If I were to expand beyond my experience with this group it seems to me many VC’s, not ALL of course, have no sustainability strategy for their investment activities. If they venture outside the business as usual space, they have a laundry list of sustainability related categories, as do the big consulting firms. See my blog article below on laundry lists. Mobile, alternative energy and bio refineries is a list from Khosla Ventures and under “the things we care about”  (Khosla Ventures), you will find some of this and some of that.

  • Microfinance – SKS, SHARE, ASA, CFTS, Jamii Bora Grameen USA, Unitus – with a goal to provide credit to over 25 million “below poverty line” borrowers. See also An Anti-Poverty Success Story; Video
  • Environment – GE Ecomagination Advisory Council, Chairman of India Advisory Board of the Cleantech Network
  • Education – Indian School of Business – a world class school of business, DonorsChoose.org – teachers ask for private funding on thousands of projects
  • Health – Public Health Institutes of India, UNICEF
  • Affordable housing – Global Home – goaled to build a $5000 home!

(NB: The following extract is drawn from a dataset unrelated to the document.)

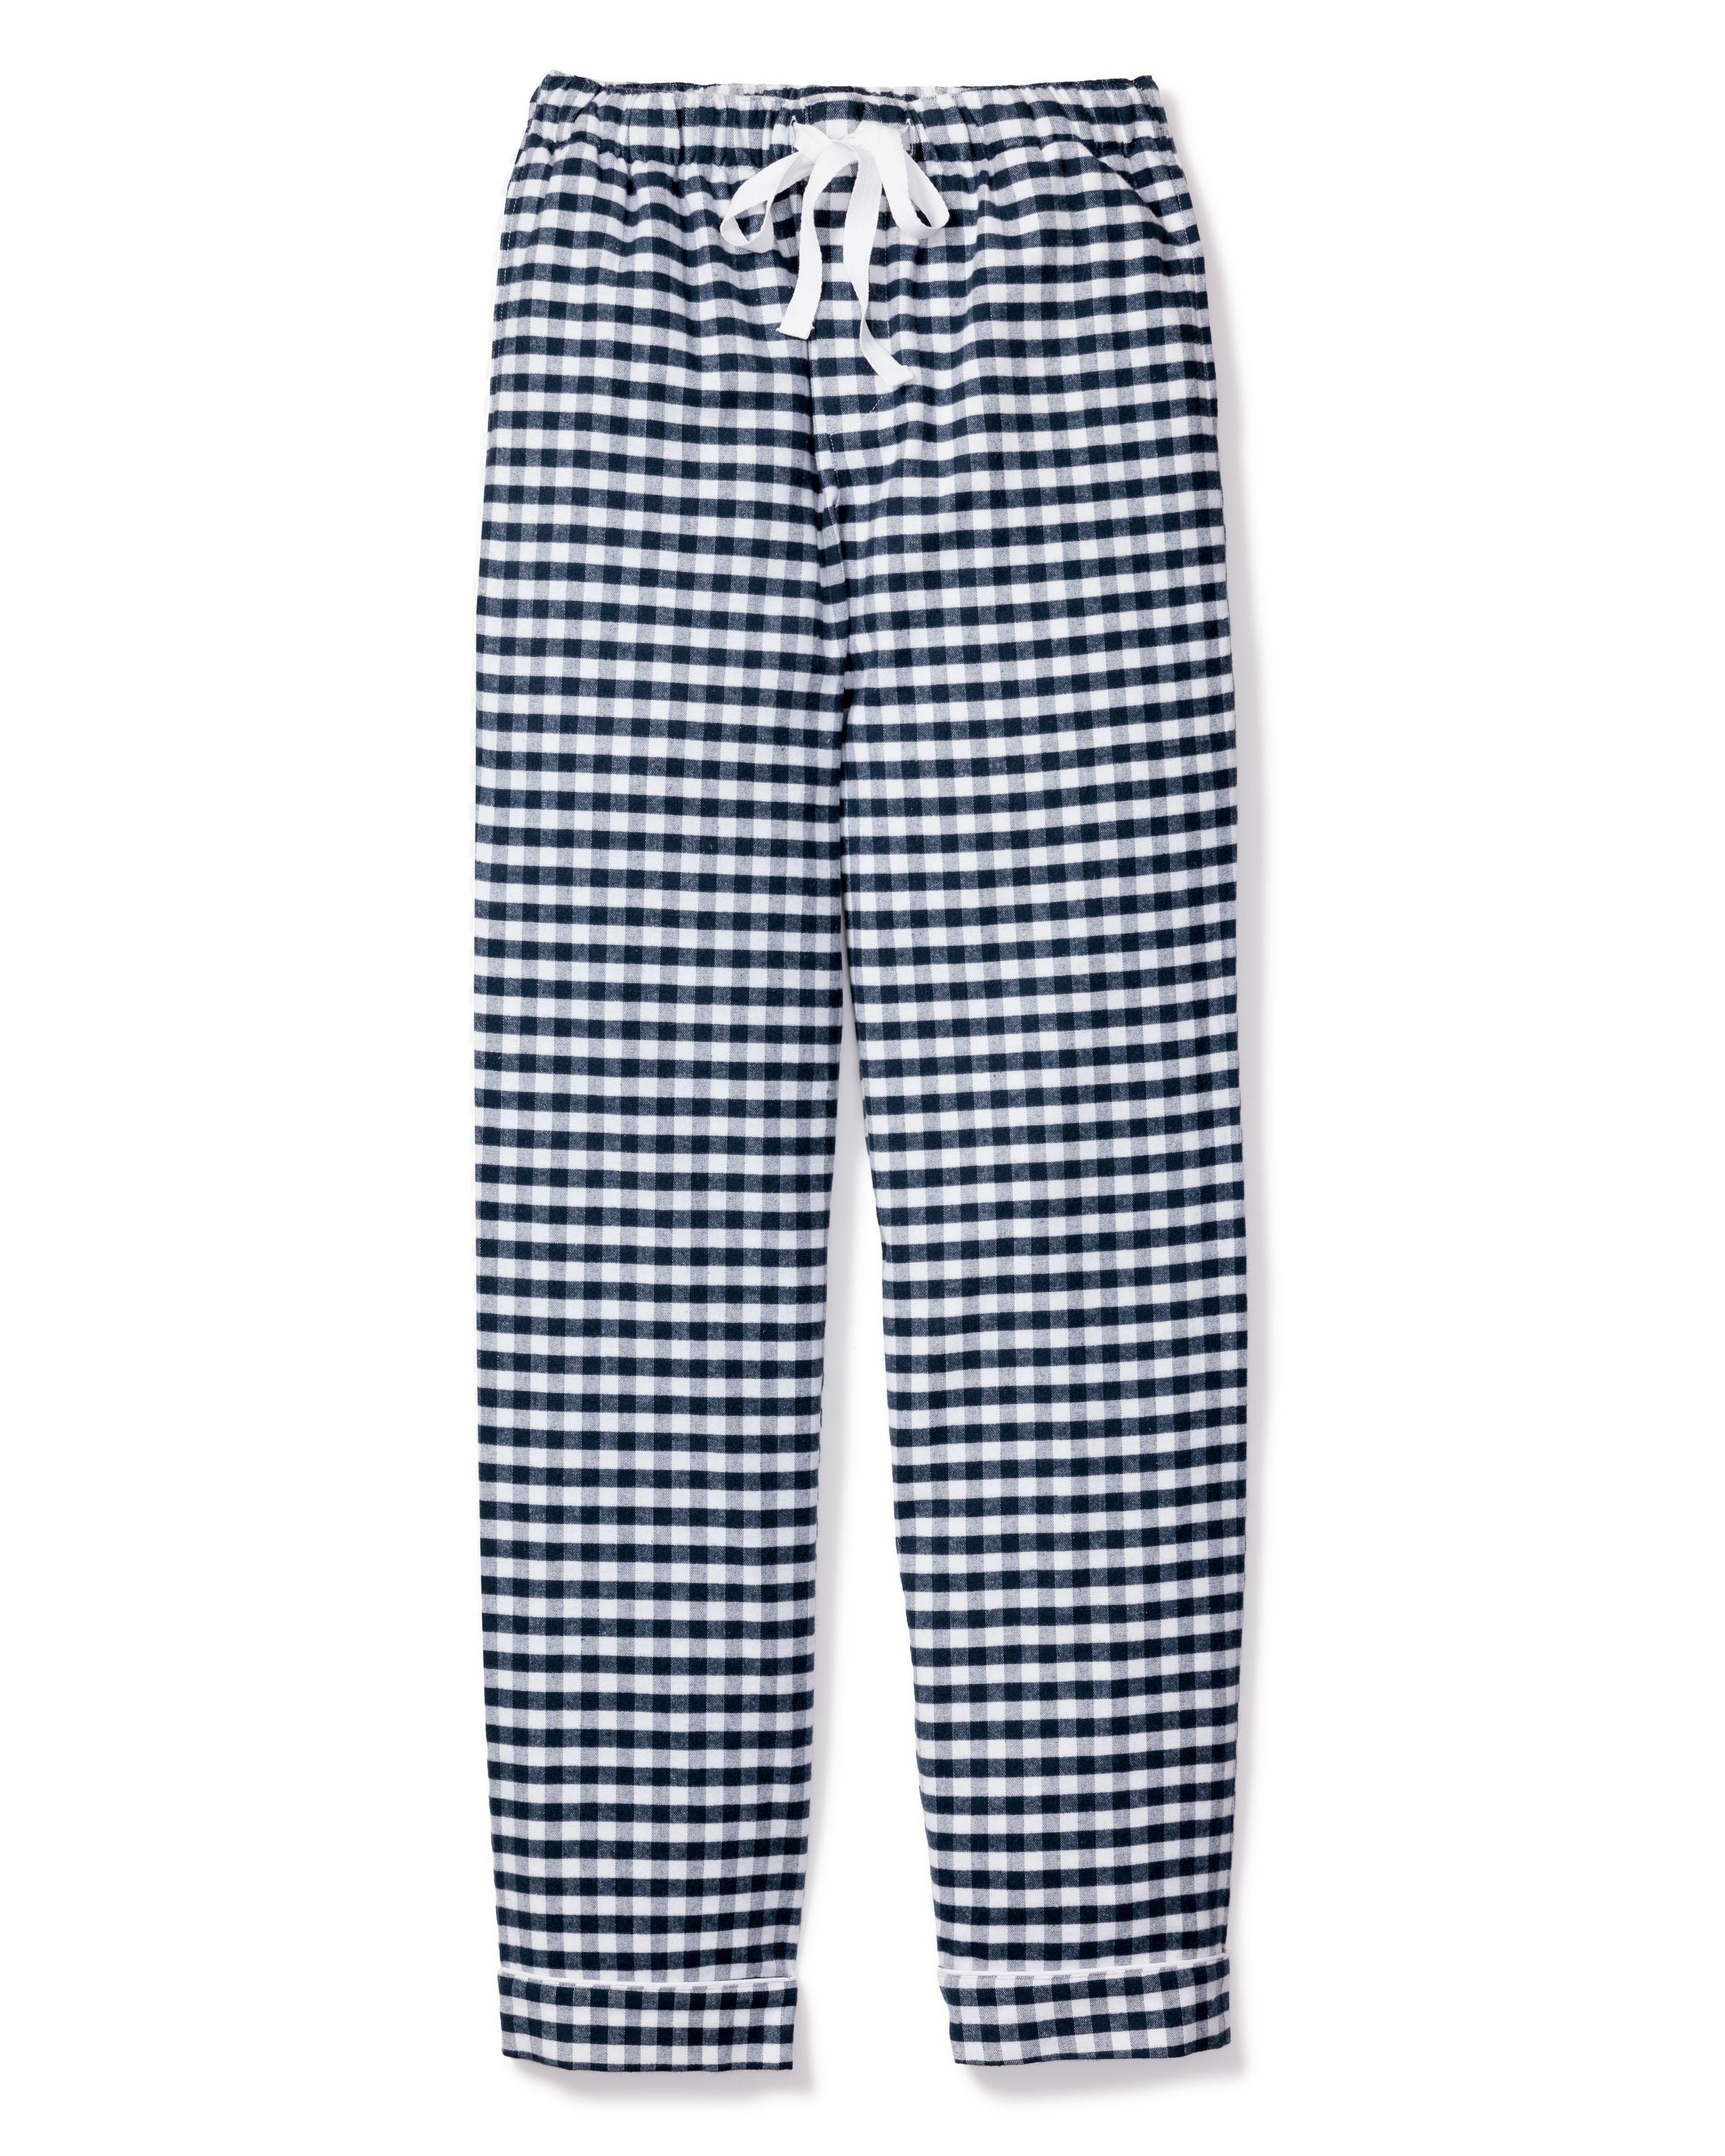 Men's Twill Pajama Pant in Navy Gingham

Companies need to put all the wood behind one arrow as spreading energies across a broad spectrum of sustainability categories has proven to be pretty ineffective.  Jeffrey Hollinger of Seventh Generation hits the nail on the head when he talks about the need for companies – and VCs are no exception – to make sustainability their core business strategy.

At one Roundtable they poohed-poohed two technologies relating to reducing energy consumption in existing buildings (big, big source of greenhouse gases), but got  excited over a travel Website catering to honeymooners.  That’s when the question entered my mind: Are we twittering while Rome burns?

It’s going to take more than Al Gore to turn things around, if they can be turned around.